There it was. And before he could roll past it, before he could laugh it away, before he could change the subject or turn to pack up his laptop and papers I said, "Hold up … whose voice was that?"
Blank. Just a blank look back at me.
"Just now," I said, "when you said 'what a waste of time, what a joke' you were imitating someone … who? Whose voice was that?"
I think we descended 1000 feet just staring at each other. And he didn't break that stare as his eyes welled up and he said, "My father … that's my father's voice."
And I guess all I'm saying is this: as a leader, a spouse, a parent, a friend … be careful what you write on someone else's mirror. It will be reflected back to them for a long, long time. And other people … well, we can see it too.
write "my mom thinks I'm very wise" on your mirror. Love
Posted by: Momme' | January 14, 2009 at 10:22 AM
Wow. Just wow. I read your blog every time you post. I subscribe to it because I like it so much and I have enjoyed these 14 posts in a row. Your blog inspires me. And this post ... well .. this post really got to me.

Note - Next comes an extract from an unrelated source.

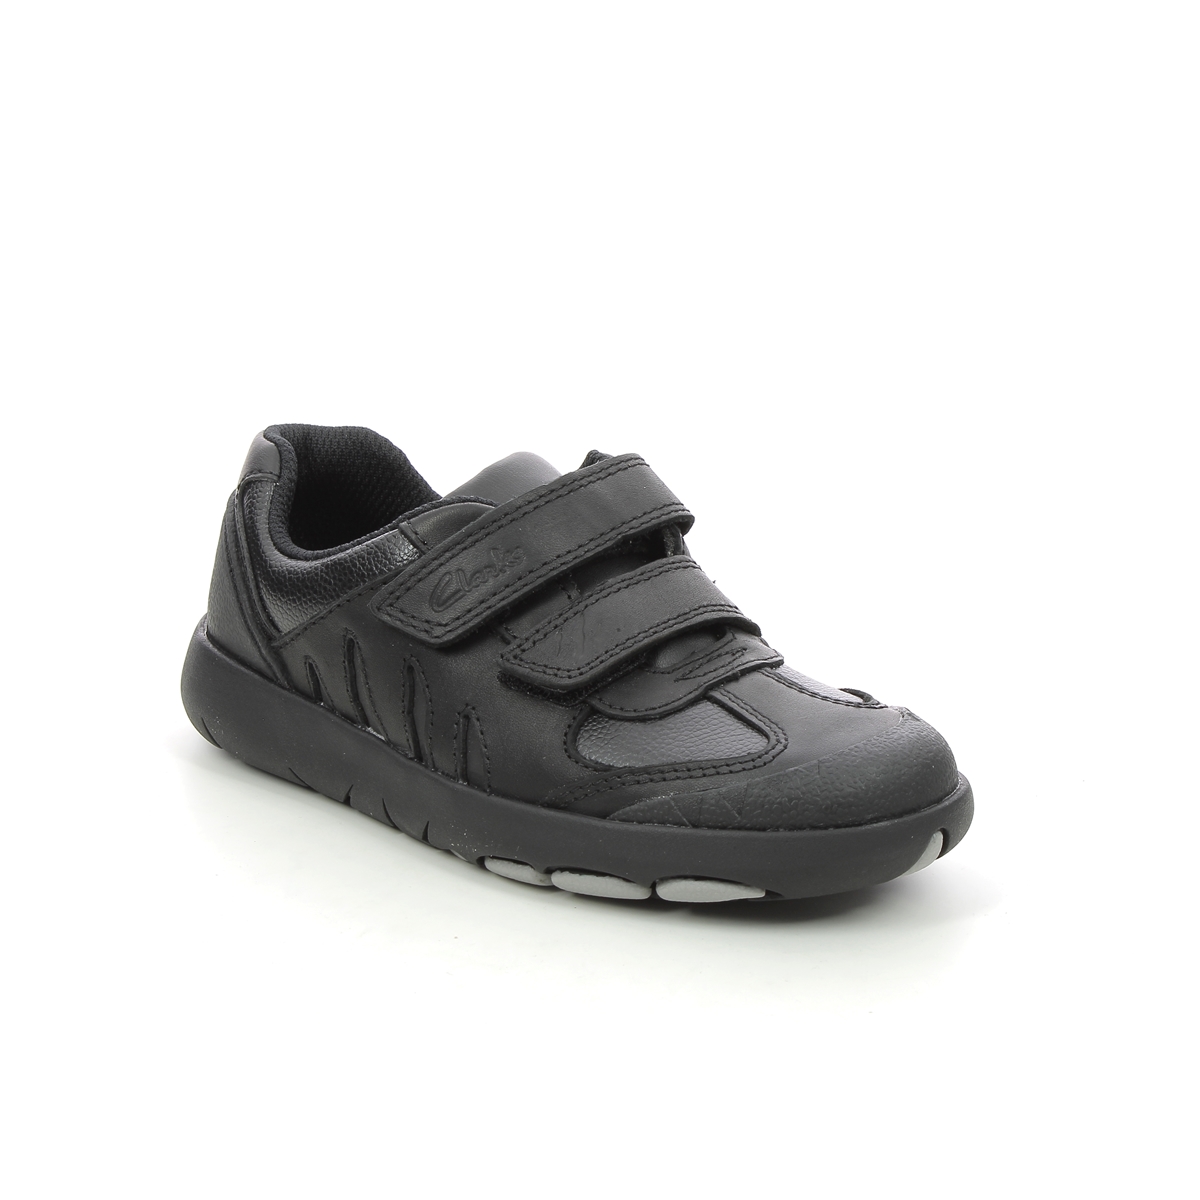 Clarks Rex Stride K Black Leather Kids Boys Shoes 626987G In Size 12.5 In Plain Black Leather G Width Fitting For School For kids

As a new parent, I can't tell you how hard I work to plow past all of the nasties written on my own mirror. Because even though you can't see them ... they are still there. Awareness is key, isn't it?

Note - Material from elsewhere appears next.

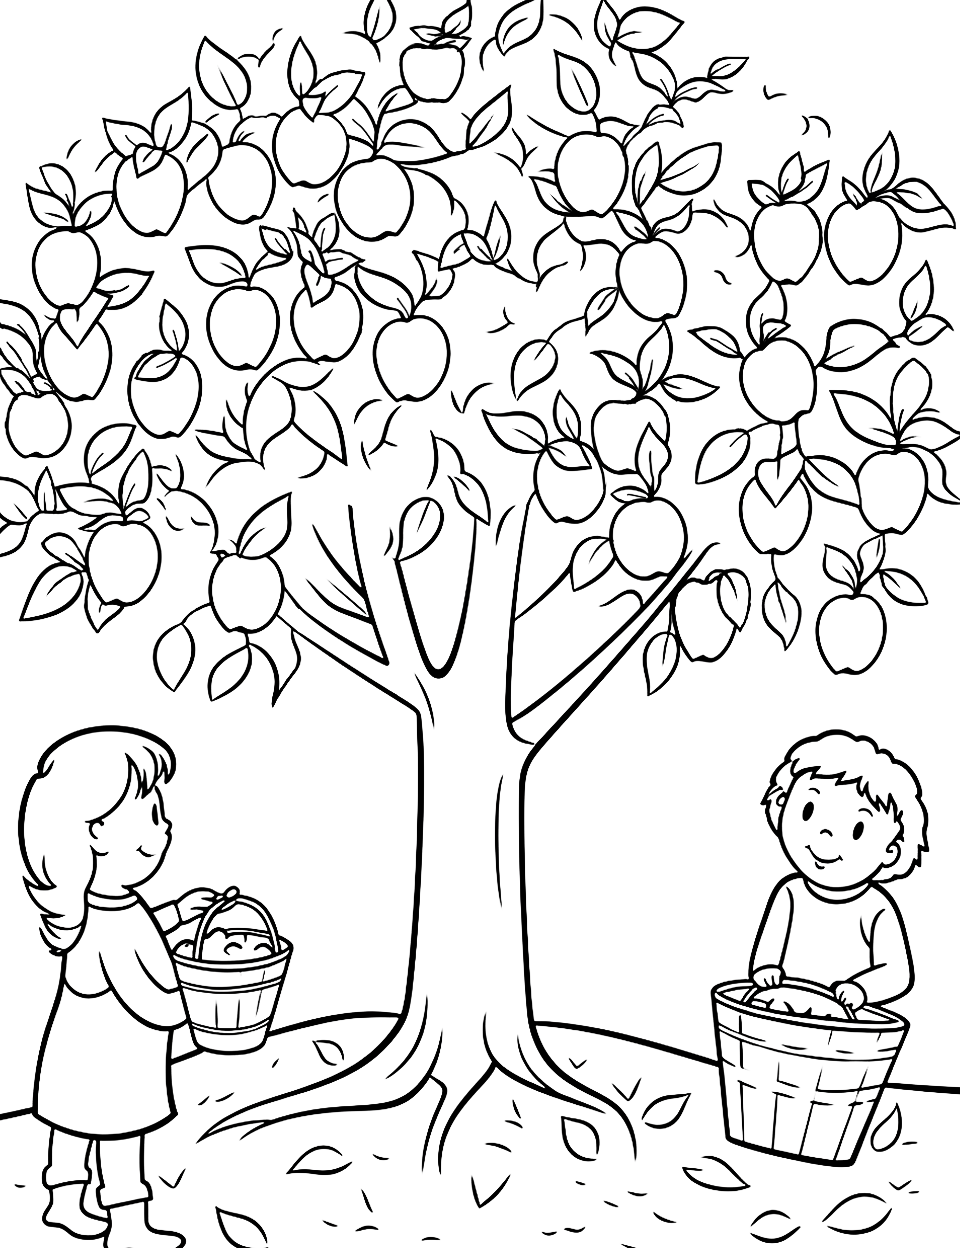 25 Fall Coloring Pages: Free Printable ...

P.S. My husband and I both attended your "Interesting, tell me more" training a few years ago. Your blog is a wonderful extension of what I heard that day. Thank you for sharing your stories.
Posted by: Erika | January 14, 2009 at 10:51 AM
Damn, girl. That was beautiful.
I gotta be honest: When I got to the middle of the piece I thought "What is Jenné's problem? What the heck is she doing in her line of work when she's got this misanthropic streak?" But I kept reading. And you talked to that man...and you listened...and you pulled something out of him that needed pulling out. Then you tied it back in to the mirror thing.
You have a gift, my dear. A gift for seeing the forest, even though the trees are bugging the shit out of you. A double-gift, really, because you not only see it, but then you write about it beautifully.
Namaste.
Posted by: LIEvans | January 14, 2009 at 01:19 PM
Amazing! I love your insight, wit and the way you can engage with grace, even when you don't want to. I feel so blessed to have found you when I did. You give me a different perspective that is nothing less than wonderful! I can't even start to Thank You enough for your friendship and strength. Everything happens in God's time & I am so glad that you were in his design...Big Hugs!
Posted by: Malinda | March 07, 2011 at 08:00 AM
mirrors are good... Thanks!
Posted by: Russ Hall ( Stinky! ) | March 07, 2011 at 09:23 AM
Ah, my friend Patty started reading this to me and you blindsided both of us-- what a great, if weepy, way to start a Monday. Thanks for the excellent post!